The fantastic claims made by some Chinese Internet stock promoters do
not stand up to serious scrutiny.
Examples:
eLong (LONG) is an Internet travel service which has enjoyed a
rise from a 52-week low of $8 to a current value in the $14 range. There's
nothing wrong with a 50% gain in one year, but look a little closer. The
share price is off sharply from its $24 price peak at the company's IPO
in the fall of 2004. Its volatility is hair-raising.
In its most recent earnings report, the company touted a 53% revenue
increase in the previous quarter, and shares rose almost 12% on the news.
These sound like impressive gains, but the hard fact is that eLong lost
money last quarter, and it lost $0.31 per share in the past year. So much
for big revenue increases.
Let's take a look at another big player: Shanda Interactive Entertainment (SNDA). The description of this company sounds fantastic: Shanda Interactive Entertainment (SNDA) is the largest Internet game company in the Shanda offers a portfolio of online games that users play over the Internet. Shanda controls 50% of this market and is able to accommodate more than a million players interacting simultaneously. But its shares are in a nosedive. Just over a year ago, Shanda's shares peaked above $40 as the popularity of Internet games grew. But tastes change, and free games are now becoming more popular in China.
PROFITS FROM UGLY PENNIES?
Above all, we encourage readers to be cautious about Chinese penny stocks. Look out for companies that are traded on Pink Sheets or as over-the-counter "Bulletin Board" stocks (You will see PK or BB in the stock's symbol if it is one of these).
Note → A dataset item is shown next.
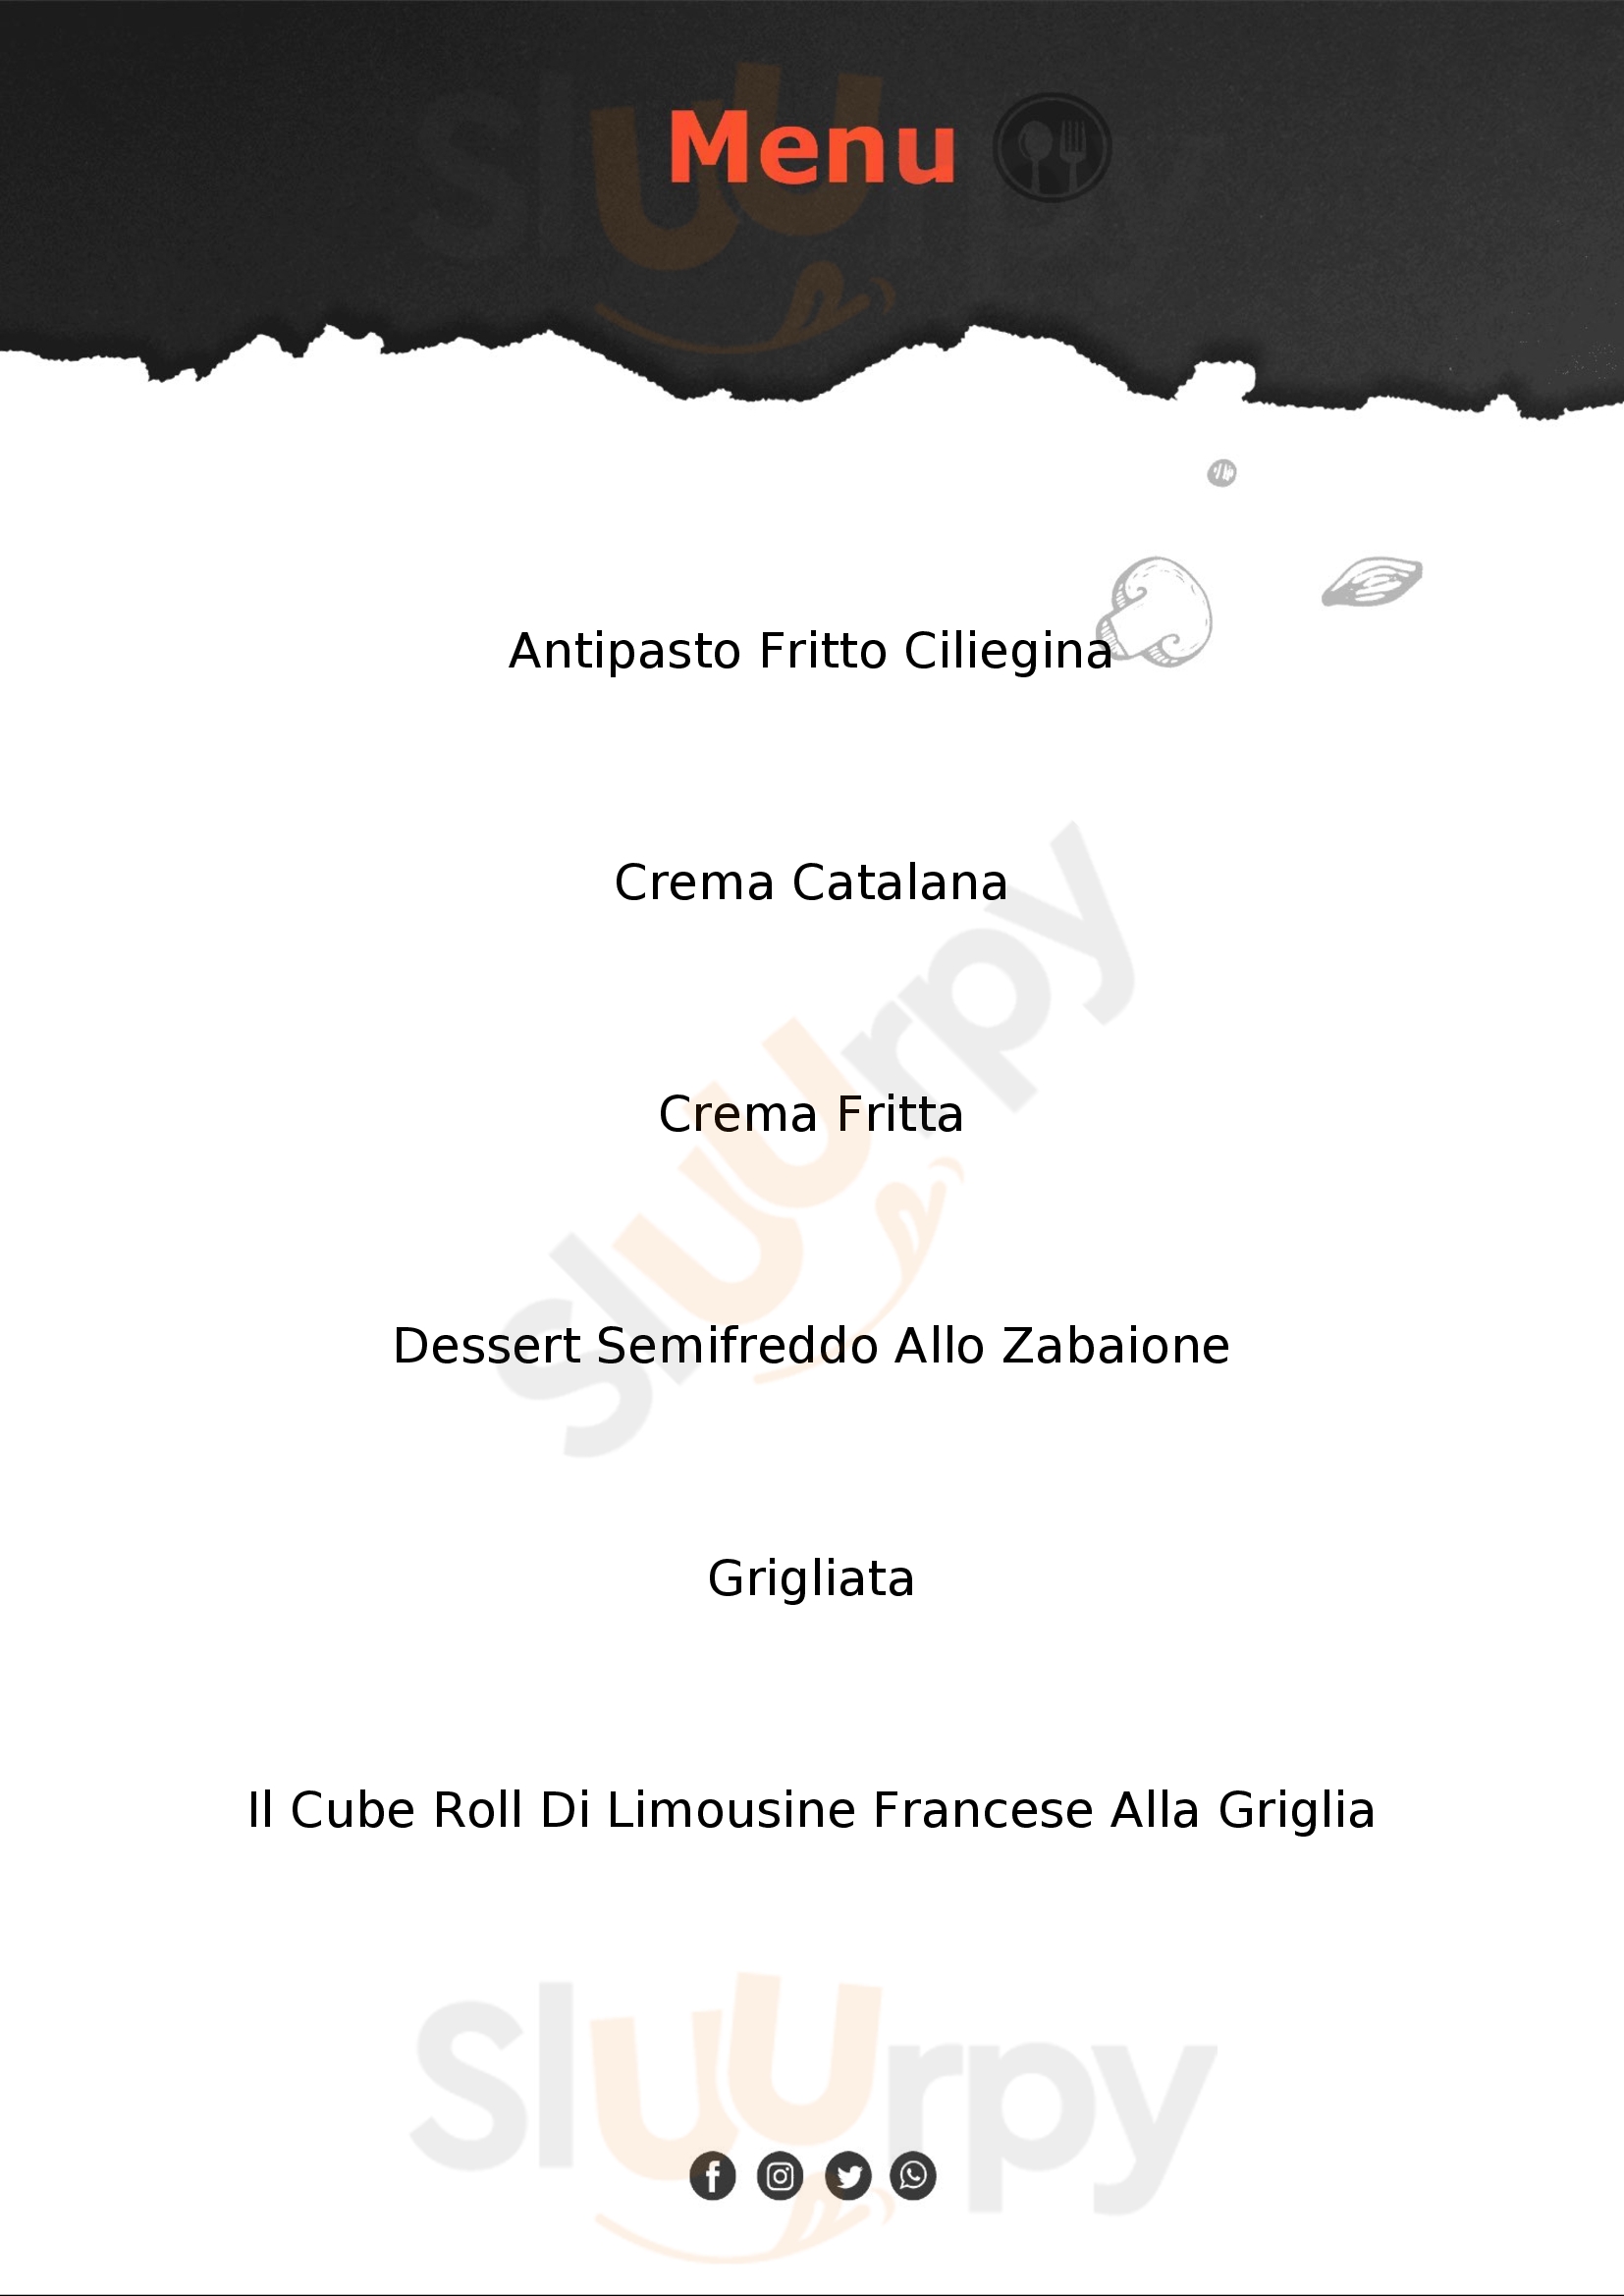 La Ciliegina Caffe & Cucina Castel San Pietro Terme menù 1 pagina

Some entrepreneurs are capitalizing on the Chinese stock boom by conducting what they call "reverse mergers." A reverse merger allows a stock promoter to sell shares in a Chinese company without the usual legal and regulatory formalities. It works like this:
The promoter begins by looking for a home for his Chinese venture, perhaps a defunct silver mine far from the prying eyes of any investment firm that might wish to conduct due diligence. Next, the promoter finds a defunct American company that is still tradable on U.S. soil. Buying the American firm for next to nothing, the promoter then instructs the American shell to purchase the Chinese venture.
After that, all if takes is a bit of paperwork and a name change. A defunct technology firm in California can be transformed into a Chinese mining firm and marketed to investors. Of course the promoter sells out after he has made a profit, and the remaining stockholders are left holding what may be an empty and worthless shell.
WHAT TO DO NEXT
The rules are simple, and they boil down to a few guidelines. Stay away from speculative ventures, penny stocks and emerging market stocks on the Pink Sheets.
Stick to ADRs which trade just like stocks on the New York Exchange and the NASDAQ.
Finally, don't go it alone. Consult a professional financial advisor, a CPA or a respected source before you venture into any emerging market. You'll need help to tell the "Good" from the "Bad and the just plain "Ugly."